Transcribe all of the data verbatim, please, and leave out its pictures.

>>>

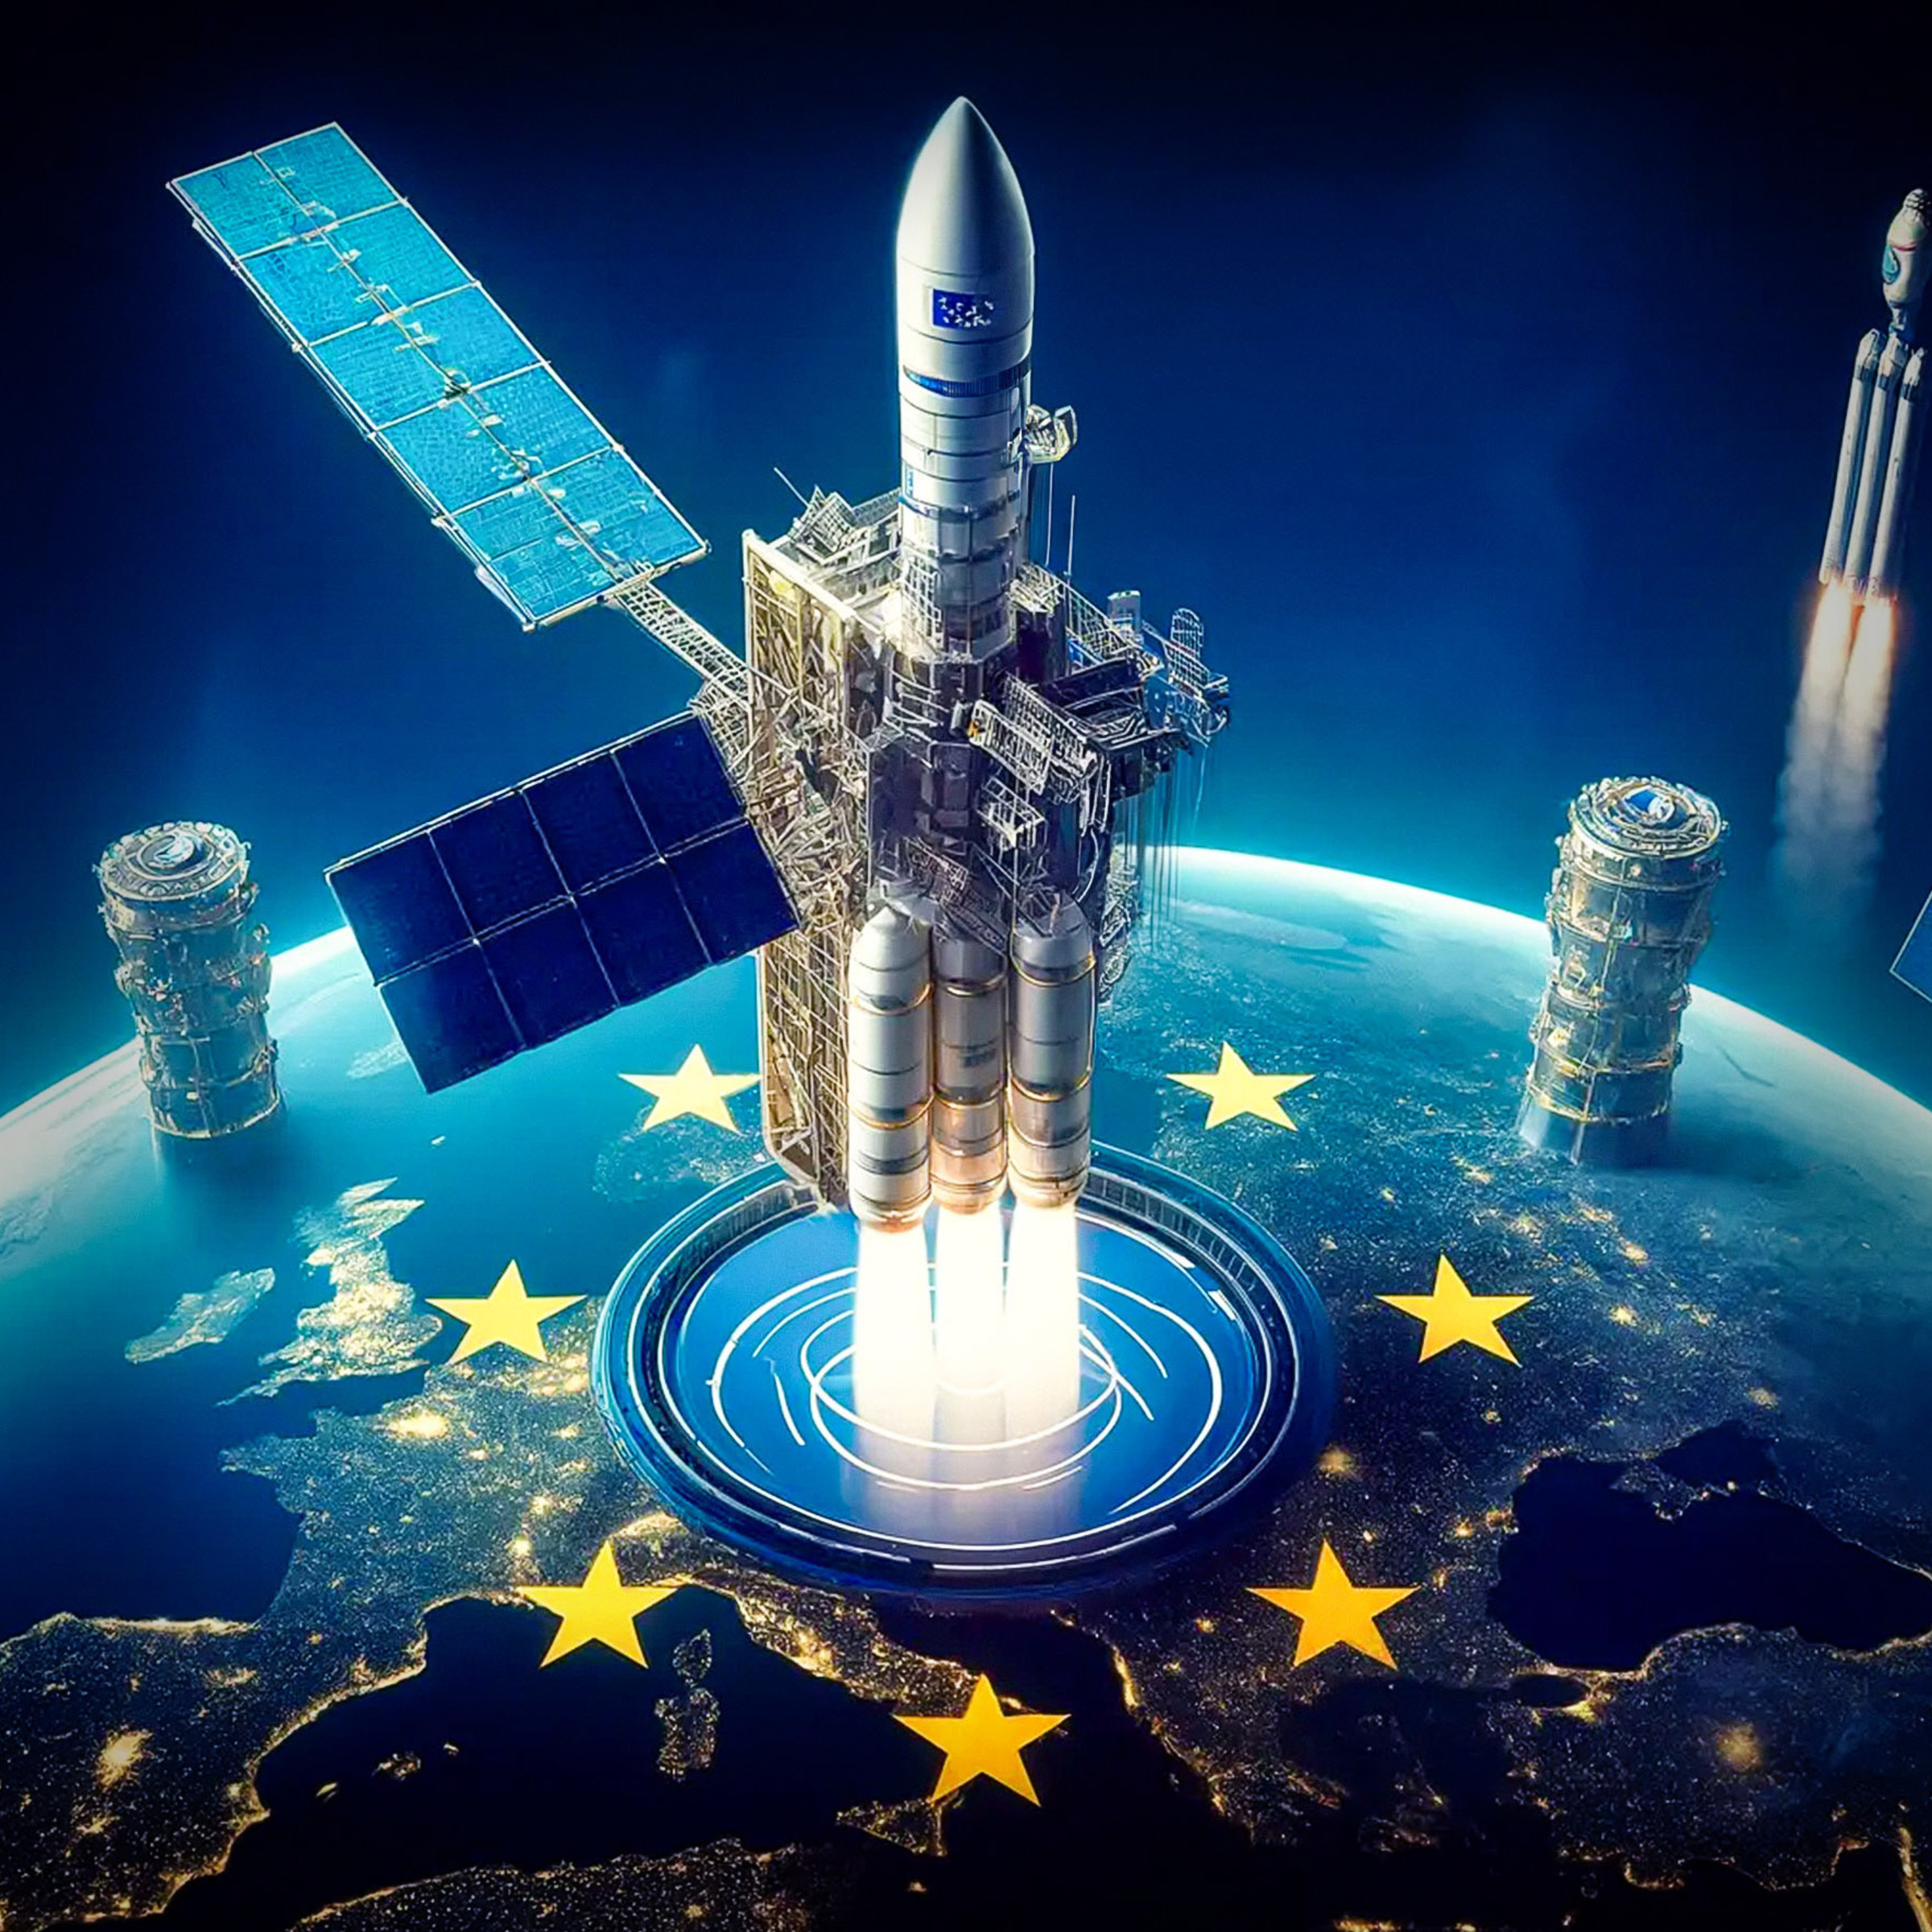 Europäische Raumfahrt: Mit neuen Raketen und Satelliten Souveränität zurückerobern (Express)
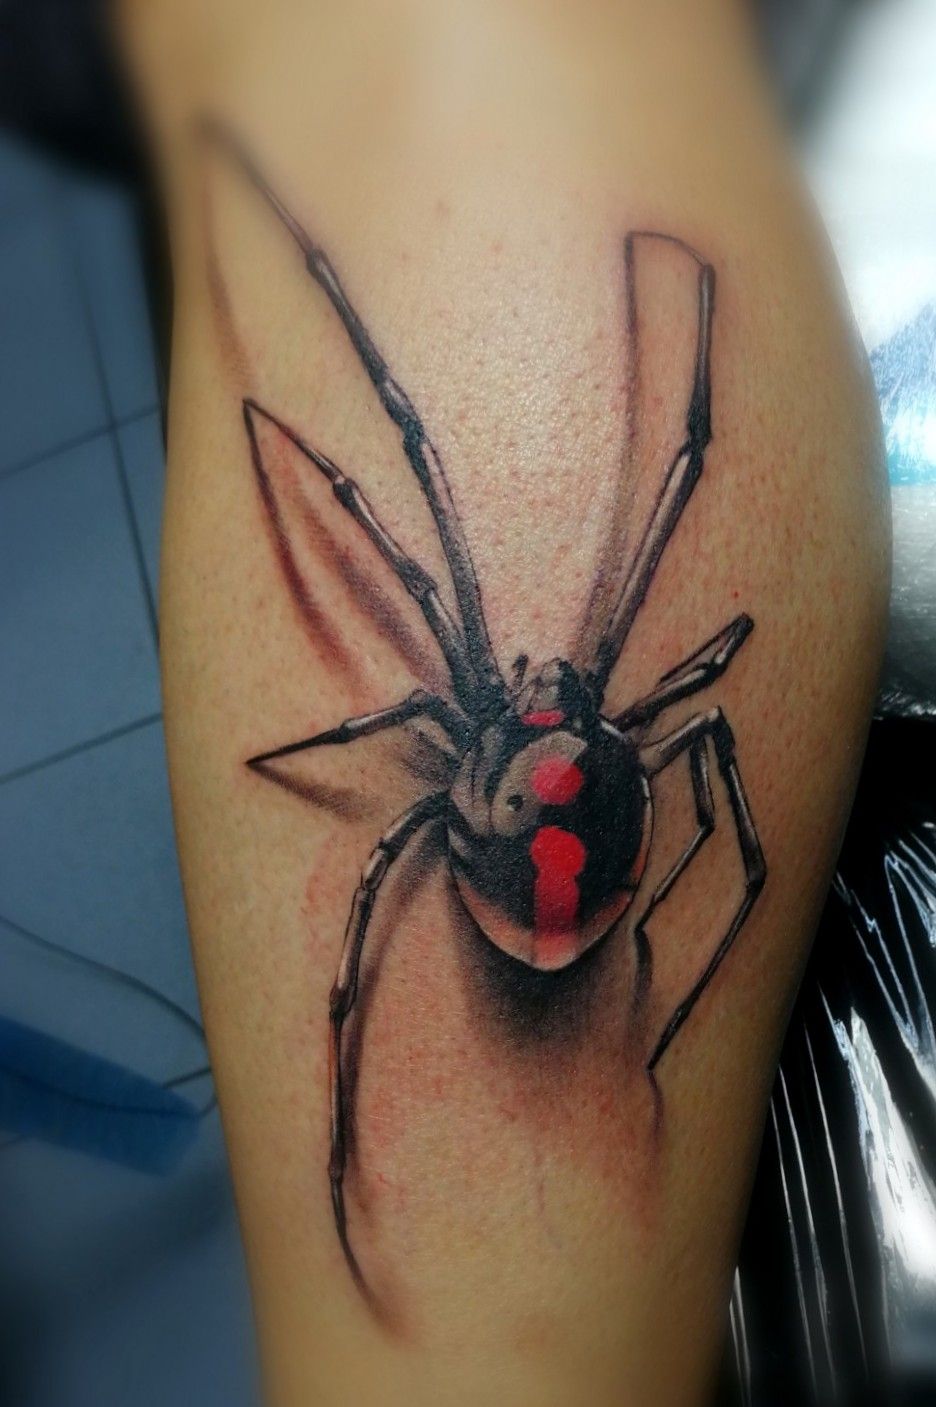 Black Widow tattoo by lapislazuri on DeviantArt
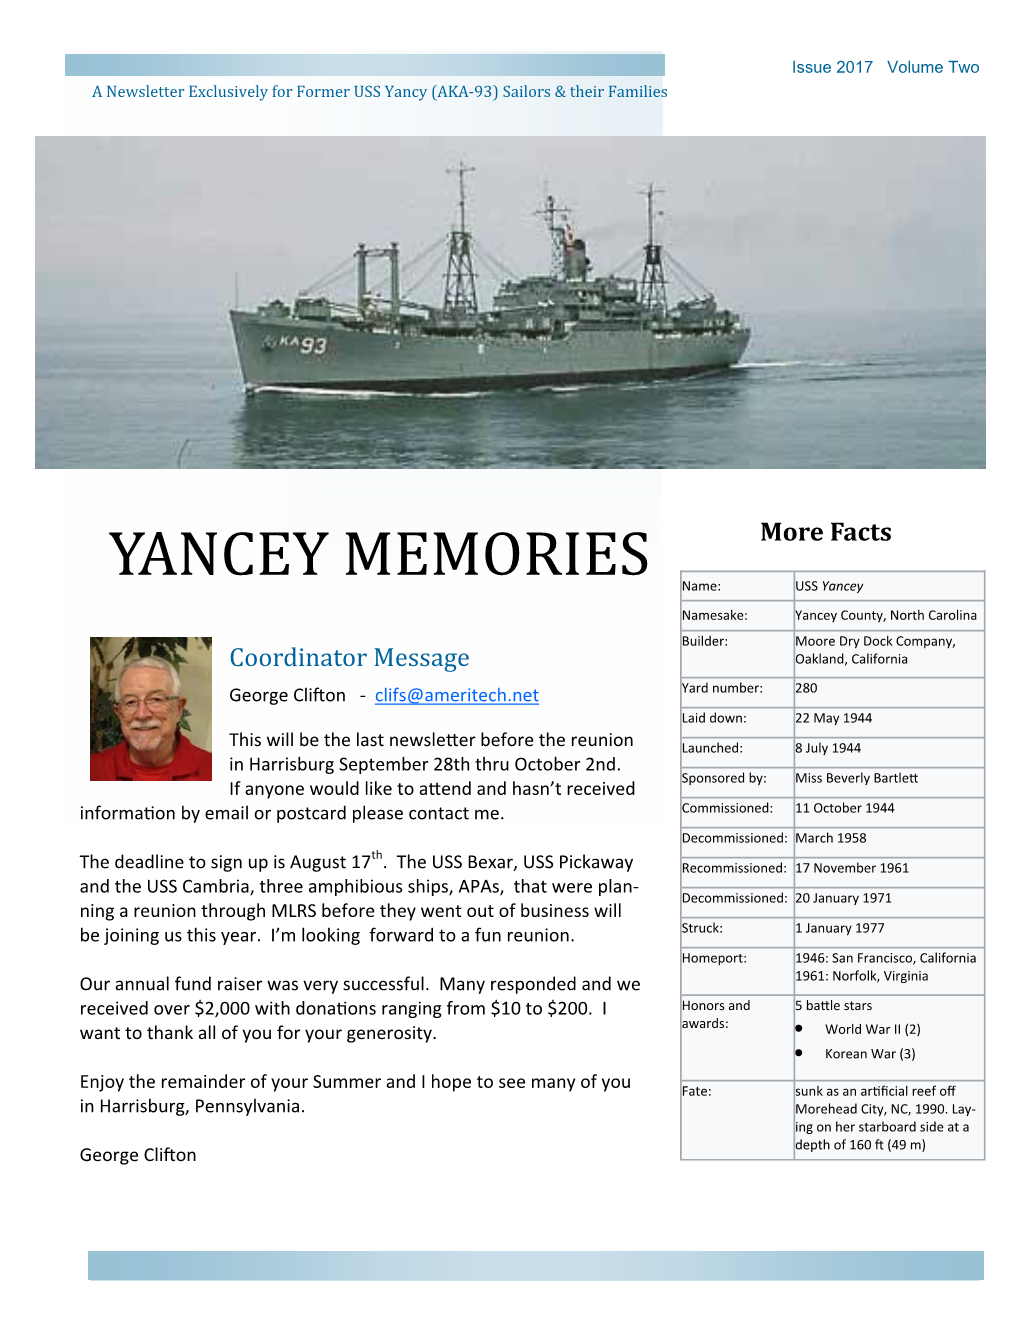 Yancey Memories
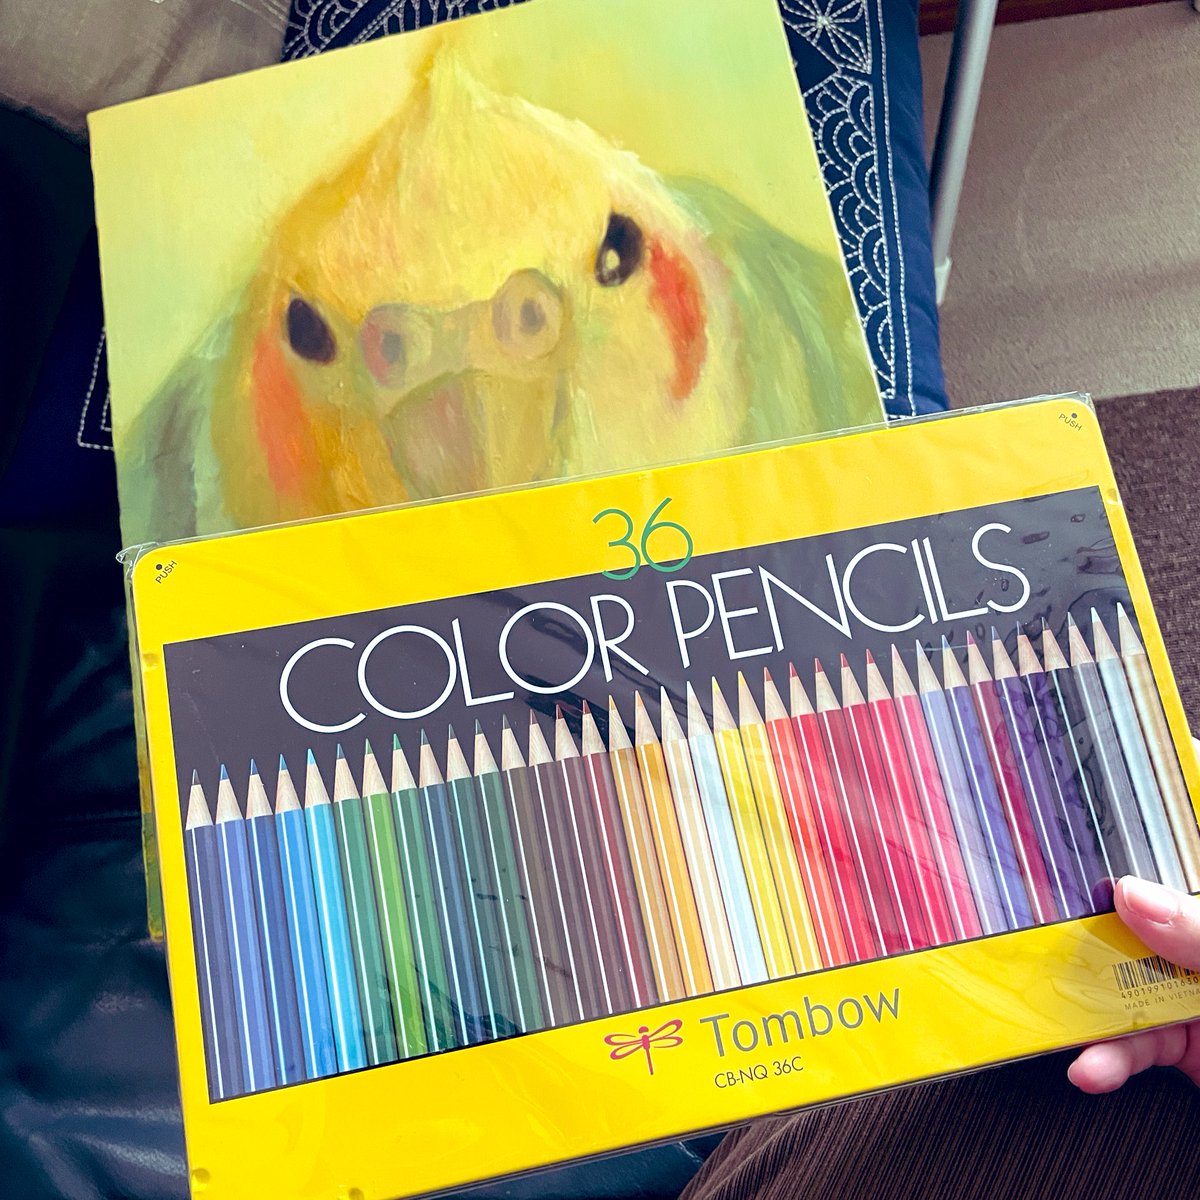 障害者アート協会から絵が帰って来た‼️
色鉛筆が入ってたよ☺️❤️
嬉しい❣️色鉛筆で、何か描こう😃❤️

<<<

> **Solution for this exercise**:
 Europäische Raumfahrt: Mit neuen Raketen und Satelliten Souveränität zurückerobern (Express)
 Black Widow tattoo by lapislazuri on DeviantArt
 Yancey Memories
 障害者アート協会から絵が帰って来た‼️
色鉛筆が入ってたよ☺️❤️
嬉しい❣️色鉛筆で、何か描こう😃❤️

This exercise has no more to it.